* _The problem_
In the records that follow, find the line containing "Hawks place 5th at AUS Curling Championship" and the line containing "Laser paint-removing system and method", then transcribe both and every line between them exactly, omitting pictures.

(Data to examine)

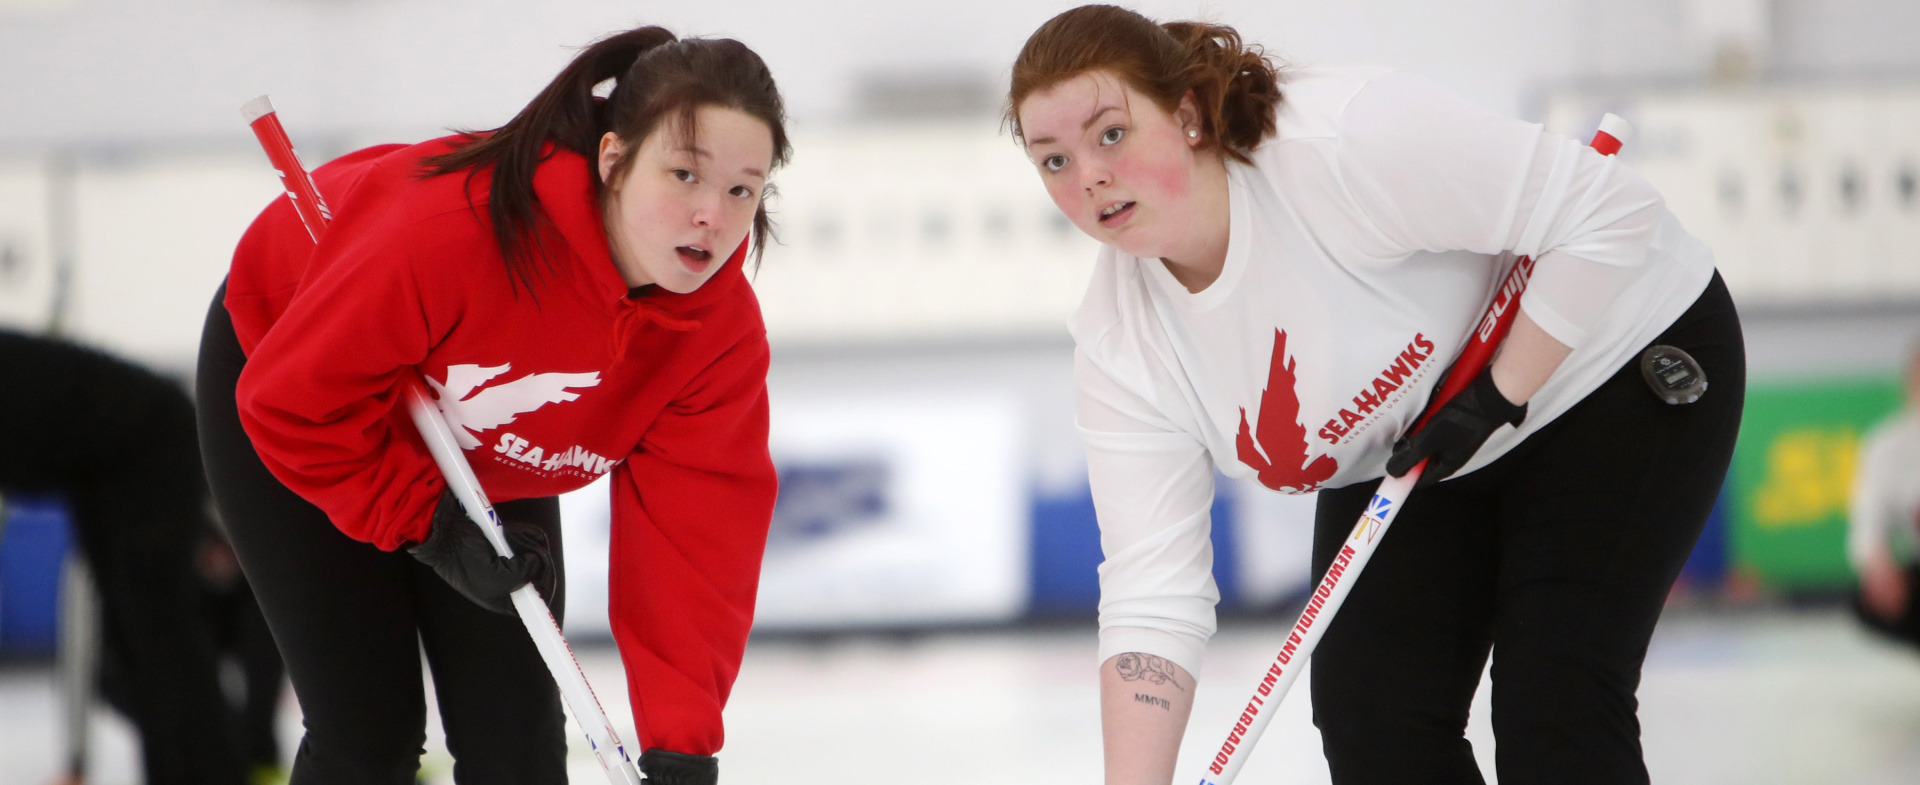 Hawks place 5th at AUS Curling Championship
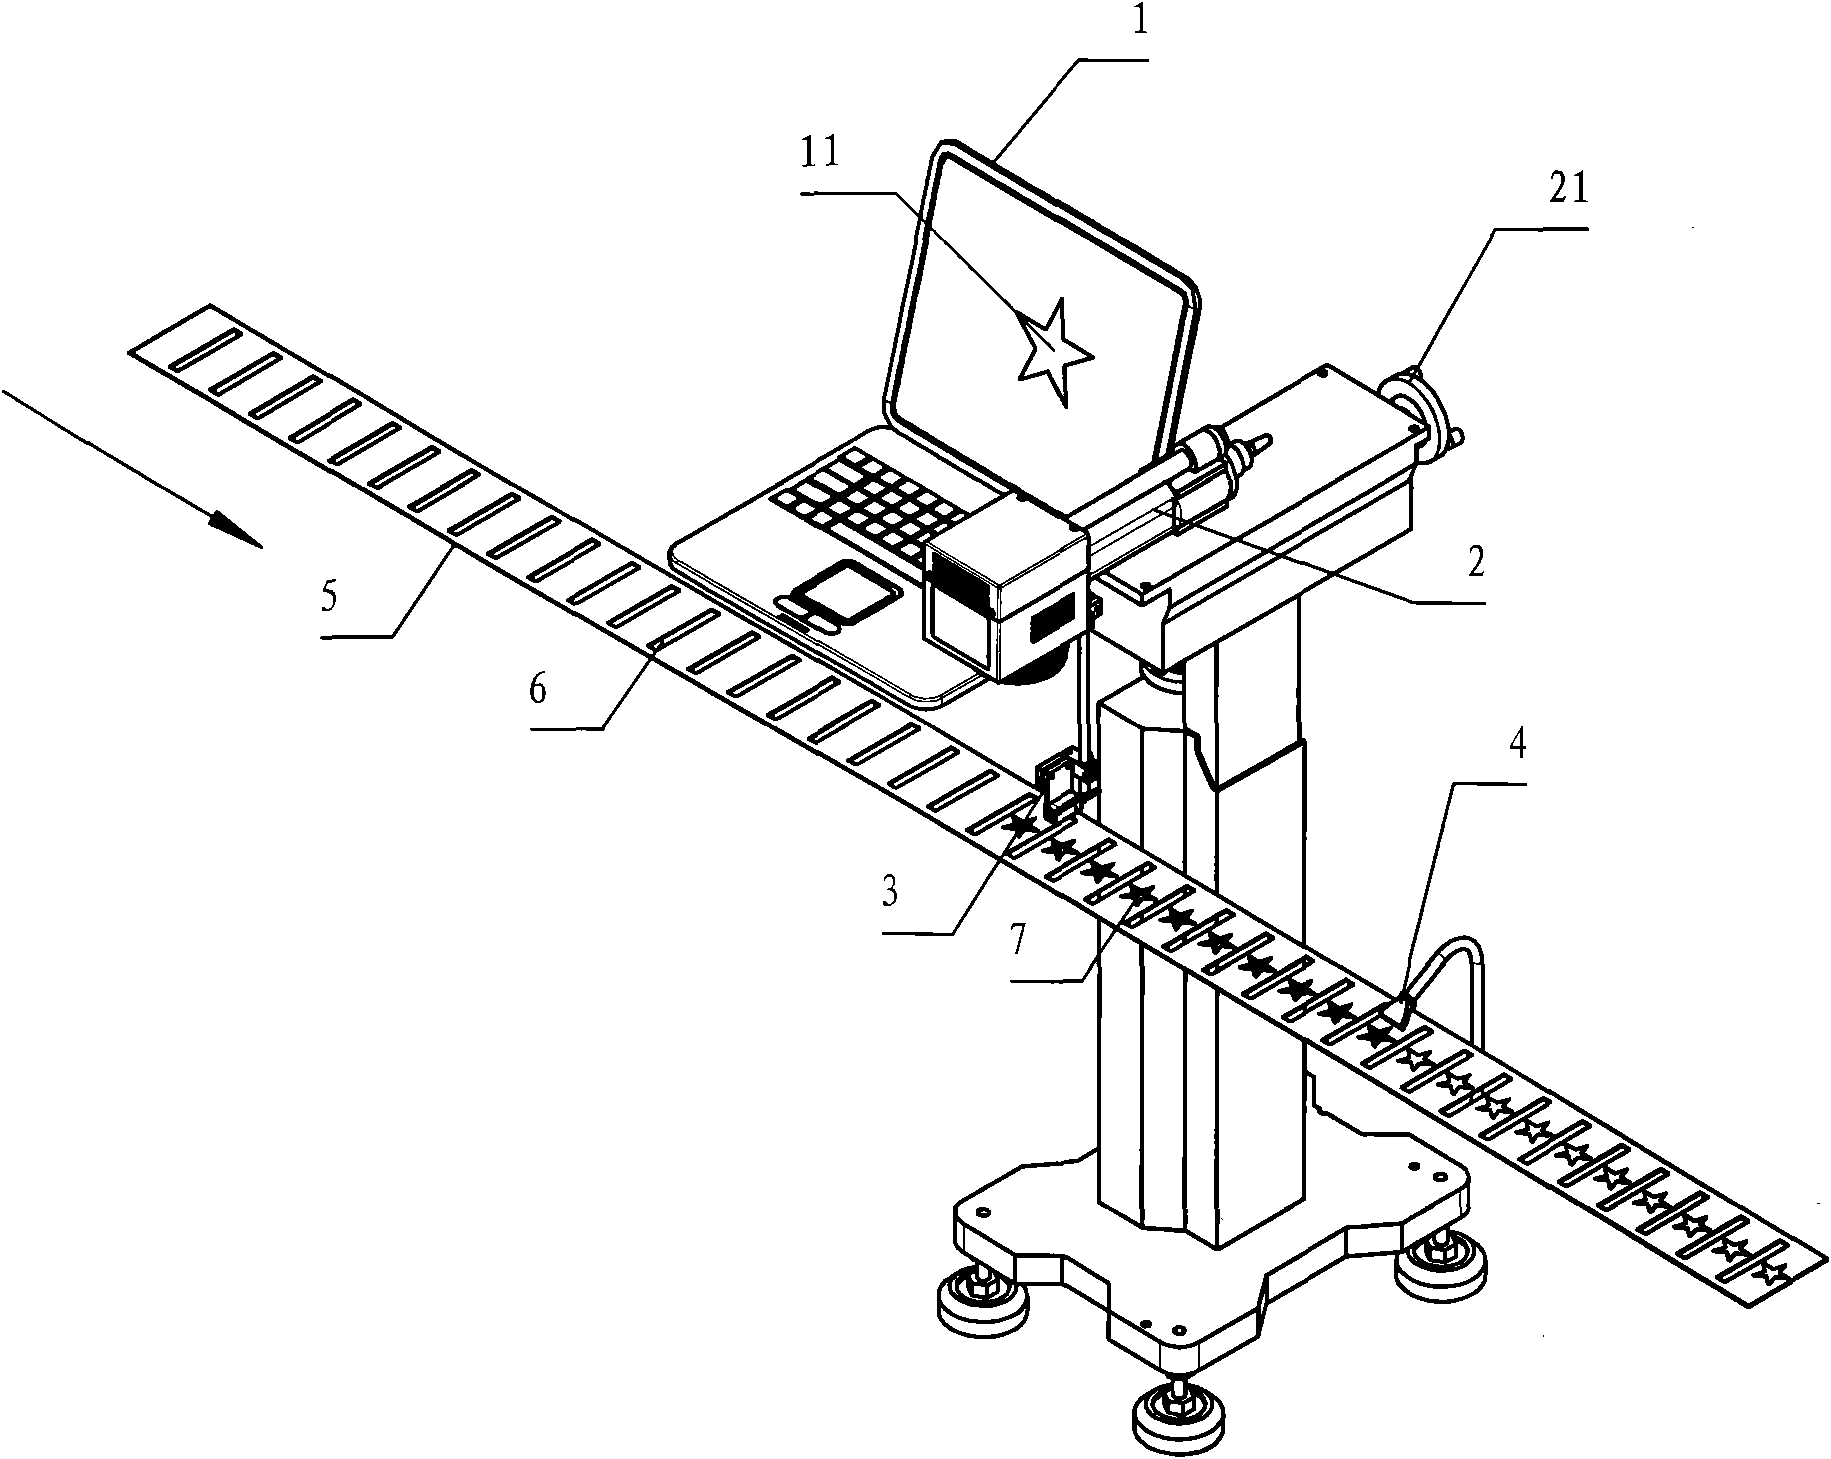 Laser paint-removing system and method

(End Data to examine)
(Data to examine)

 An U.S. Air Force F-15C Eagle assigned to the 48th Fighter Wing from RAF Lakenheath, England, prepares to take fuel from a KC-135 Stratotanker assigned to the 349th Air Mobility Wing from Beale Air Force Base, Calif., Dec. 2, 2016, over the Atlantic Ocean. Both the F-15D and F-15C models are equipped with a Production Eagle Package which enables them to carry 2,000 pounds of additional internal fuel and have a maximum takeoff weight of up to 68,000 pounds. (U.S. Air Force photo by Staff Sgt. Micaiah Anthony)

(End Data to examine)
(Data to examine)

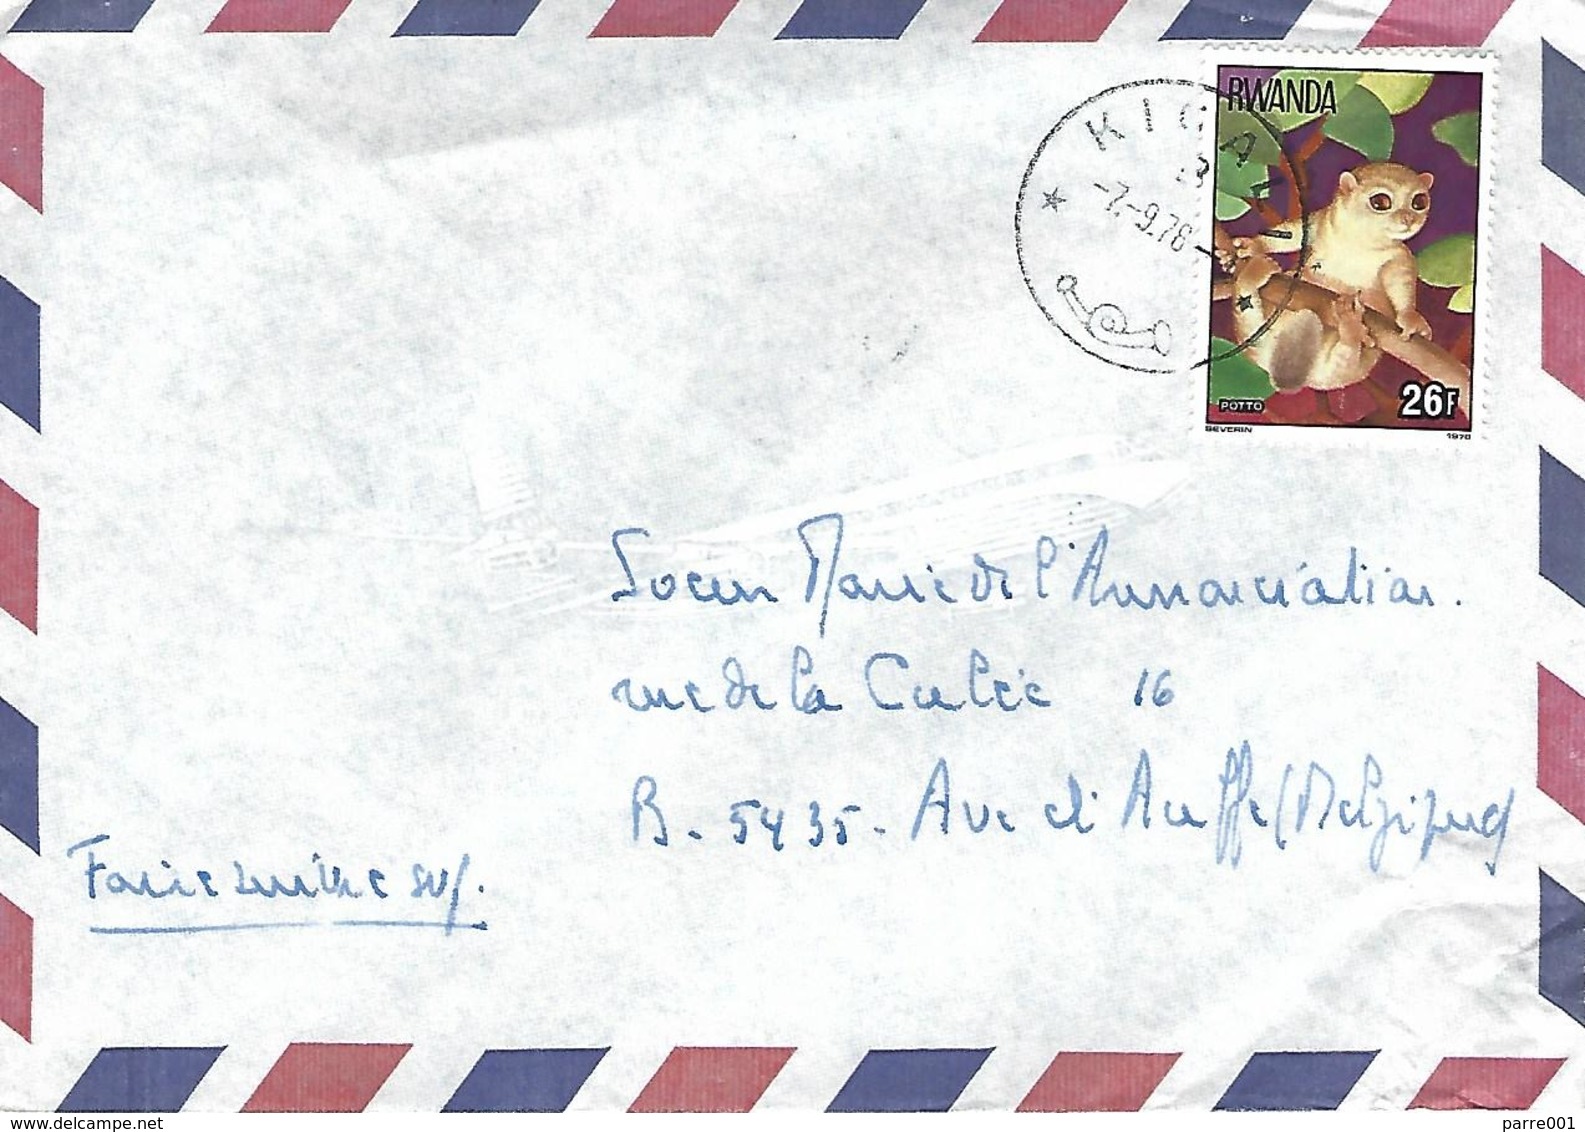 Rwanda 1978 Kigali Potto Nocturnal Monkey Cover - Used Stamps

(End Data to examine)

* _Exercise response_
 Hawks place 5th at AUS Curling Championship
 Laser paint-removing system and method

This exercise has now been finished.